The teams that succeed with ClickHouse treat performance as a continuous practice rather than a one-time setup. They benchmark representative queries, watch part counts and merge times, review slow query logs weekly, and revisit schema decisions as access patterns evolve. That ongoing attention, combined with the avoidance of the 20 mistakes described here, is what separates a ClickHouse deployment that stays fast for years from one that quietly degrades until every dashboard feels slow.
Frequently Asked Questions About ClickHouse Performance
What is the fastest way to improve ClickHouse performance?
The fastest single improvement for most teams is switching from row-by-row inserts to large batched inserts. Because every insert creates a data part, batching dramatically reduces part count, lightens the merge workload, and immediately improves ClickHouse performance across the board. After that, tightening the ORDER BY key and eliminating SELECT * on wide tables usually deliver the next biggest gains.

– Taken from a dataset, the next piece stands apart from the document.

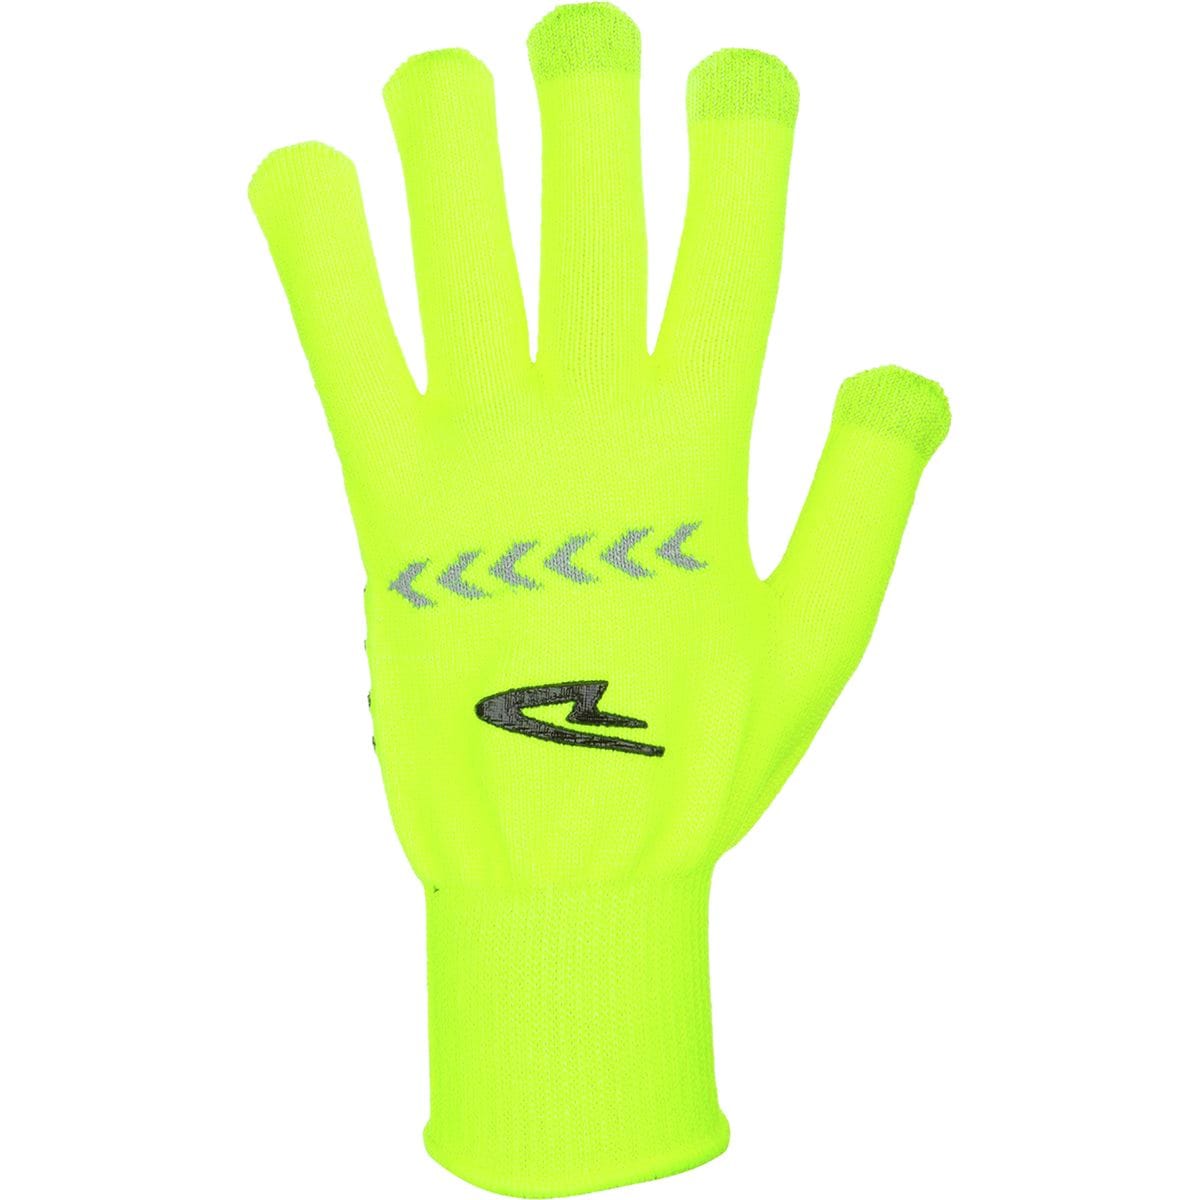 DeFeet Electronic Touch Gloves Reflective Mens

Does partitioning improve ClickHouse performance?
Partitioning is primarily a data-lifecycle tool for efficient retention and bulk deletion, not a general query accelerator. Over-partitioning actually harms ClickHouse performance by creating too many parts. Partition conservatively, usually by month, and rely on the sorting key and data skipping indexes for query pruning instead.

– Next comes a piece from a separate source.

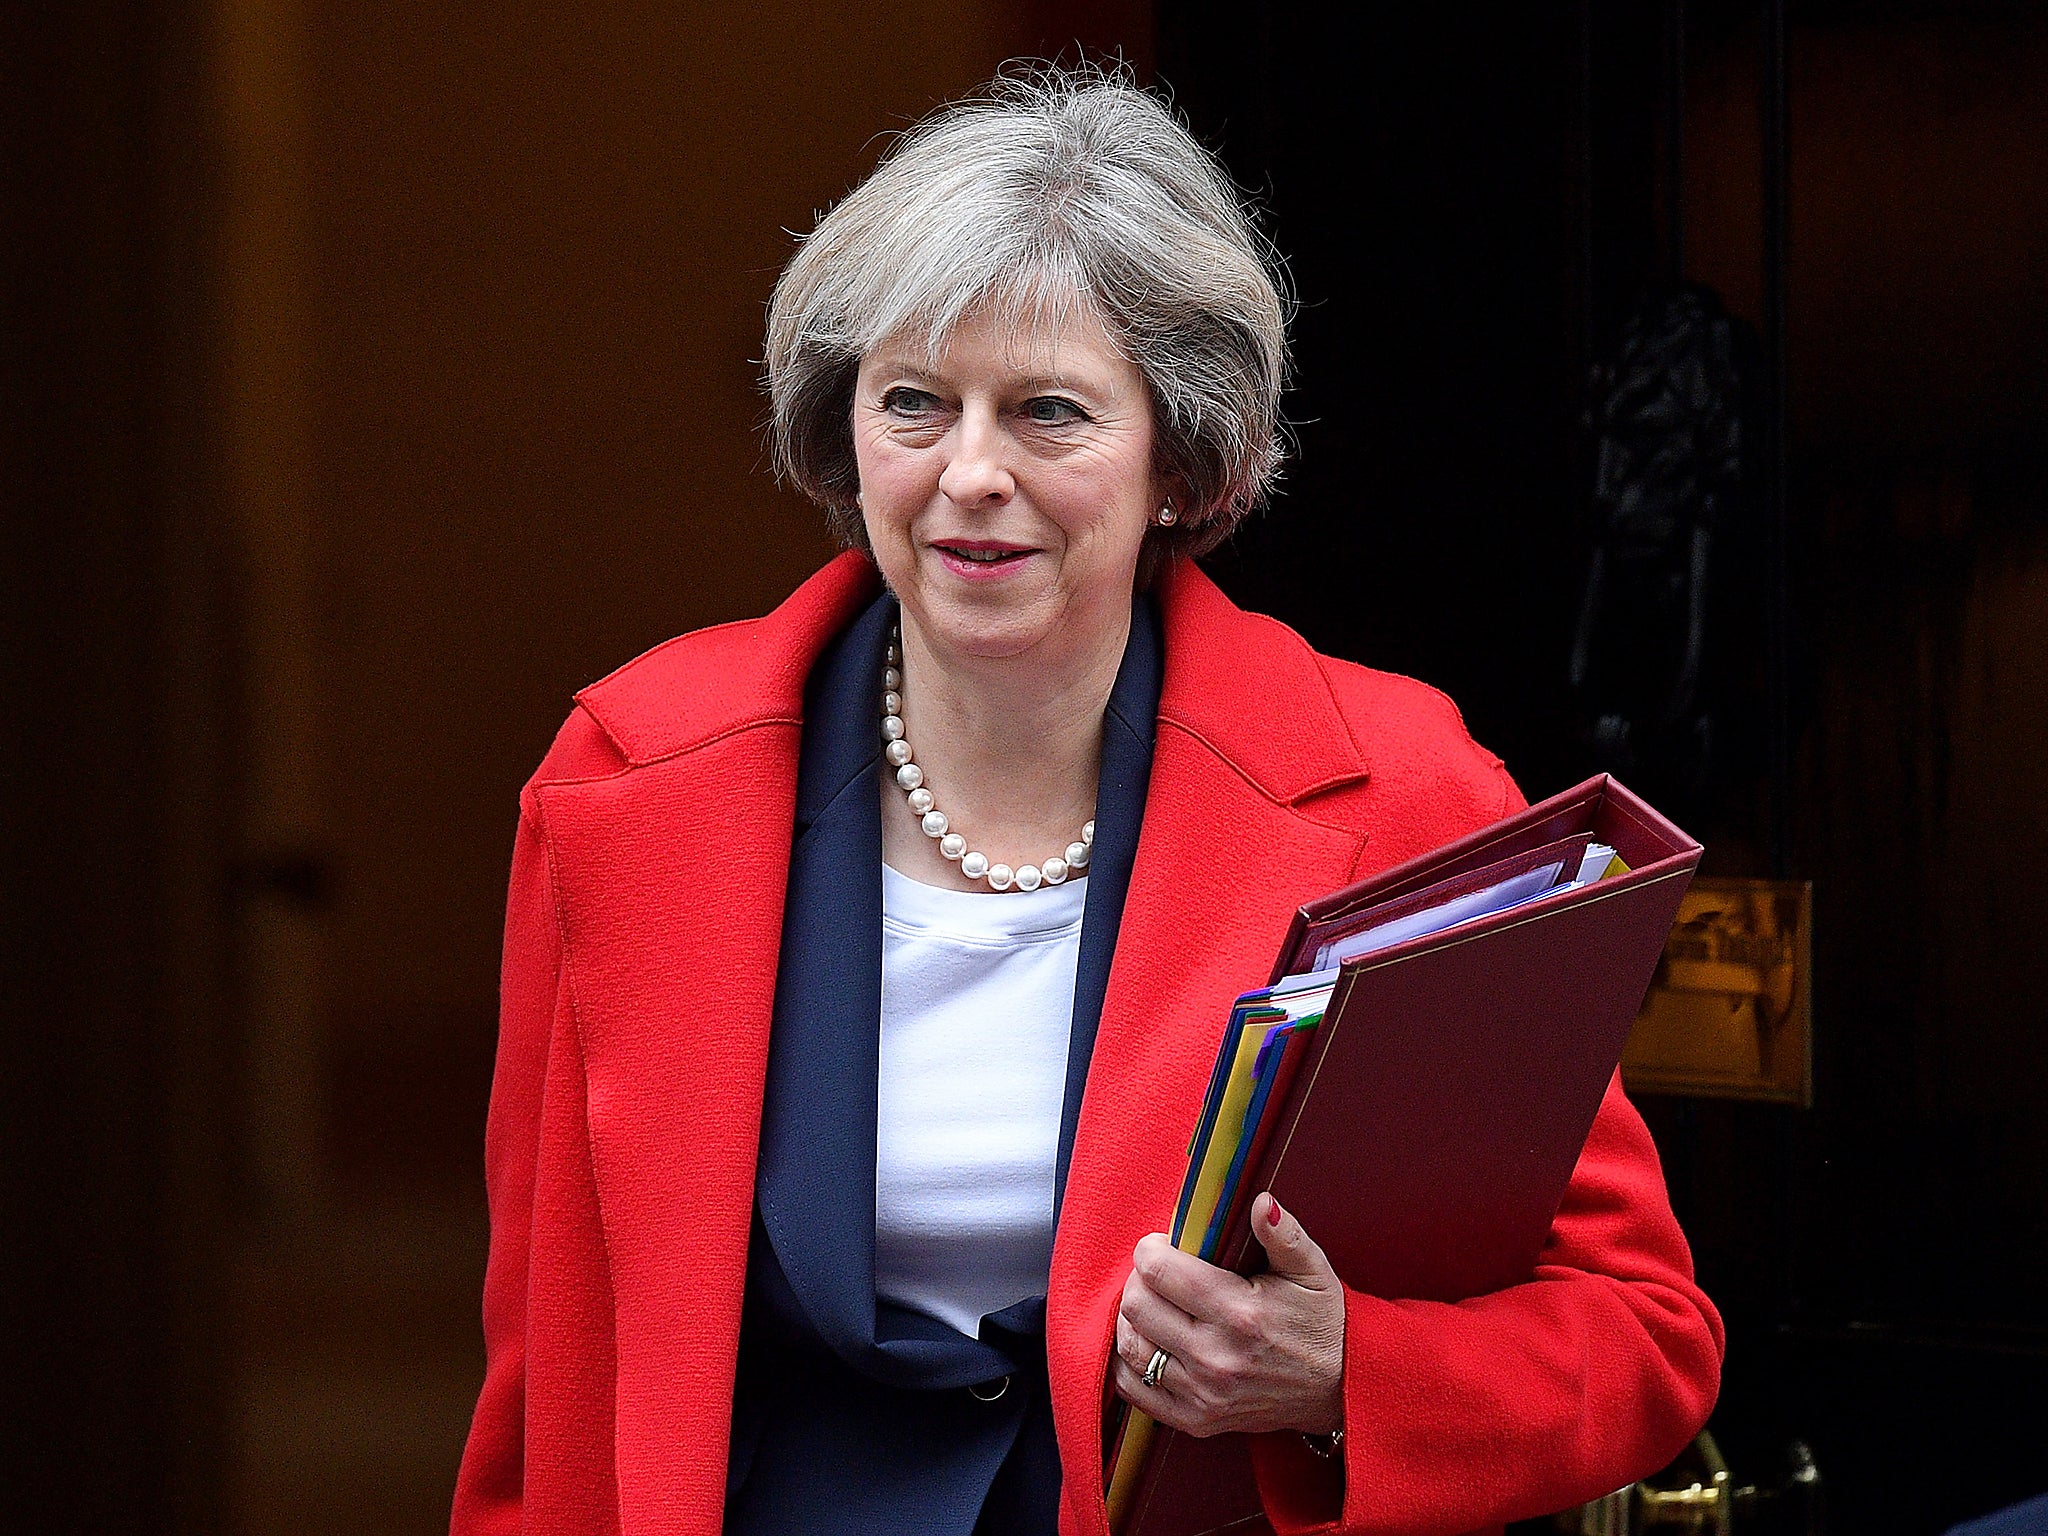 Theresa May’s controversial Snooper’s Charter passed into law earlier this month

Why does my ClickHouse query get slower over time?
Gradual slowdowns usually trace back to rising part counts from small inserts, unbounded mutations, or growing data that no longer fits the original schema assumptions. Monitoring system.parts and system.query_log will reveal the trend early. Addressing the underlying anti-pattern, rather than adding hardware, restores ClickHouse performance far more reliably.

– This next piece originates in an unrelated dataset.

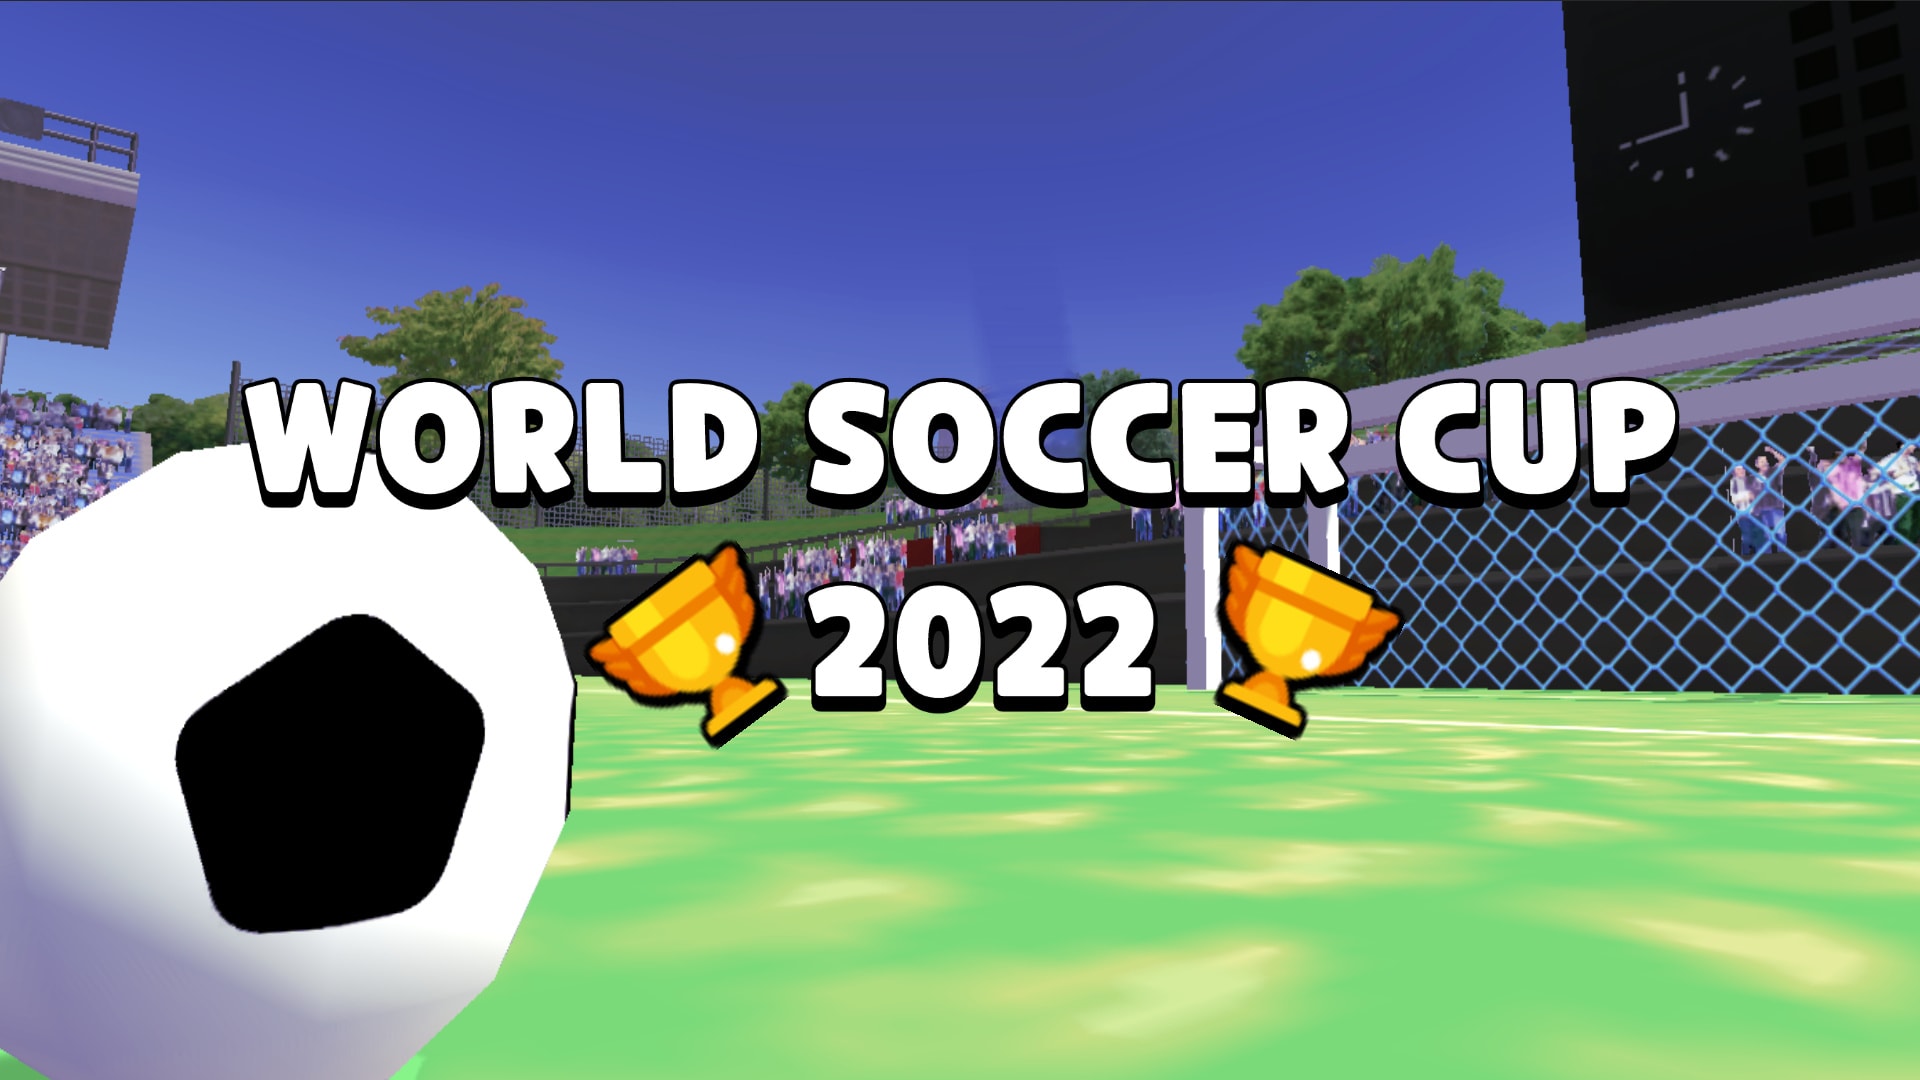 World Soccer Cup 2022

Should I use FINAL to get correct results?
Use FINAL only when necessary and always with tight filters, because it forces expensive merge-on-read work that can devastate ClickHouse performance on large tables. Whenever possible, resolve the latest version explicitly with aggregate functions like argMax so the engine avoids the full merge.
When should I bring in ClickHouse performance experts?
If your cluster is growing quickly, if queries are slowing despite added hardware, or if you are designing a mission-critical analytics platform, expert review pays for itself. ChistaDATA provides architecture reviews, tuning, and 24×7 support focused entirely on keeping ClickHouse performance excellent at any scale.
Conclusion
ClickHouse is extraordinarily fast, but that speed is a contract. Honor the engine’s design and it will reward you with sub-second analytics over massive datasets. Violate it with row-by-row inserts, careless SELECT *, constant mutations, over-partitioning, or unbounded queries, and you will steadily destroy ClickHouse performance until the system feels sluggish and fragile. Use these 20 anti-patterns as a checklist. Audit your schemas and queries against them, fix what you find, and keep monitoring so new problems never take root. Your future self, and your users, will thank you for protecting ClickHouse performance before it ever becomes a production emergency.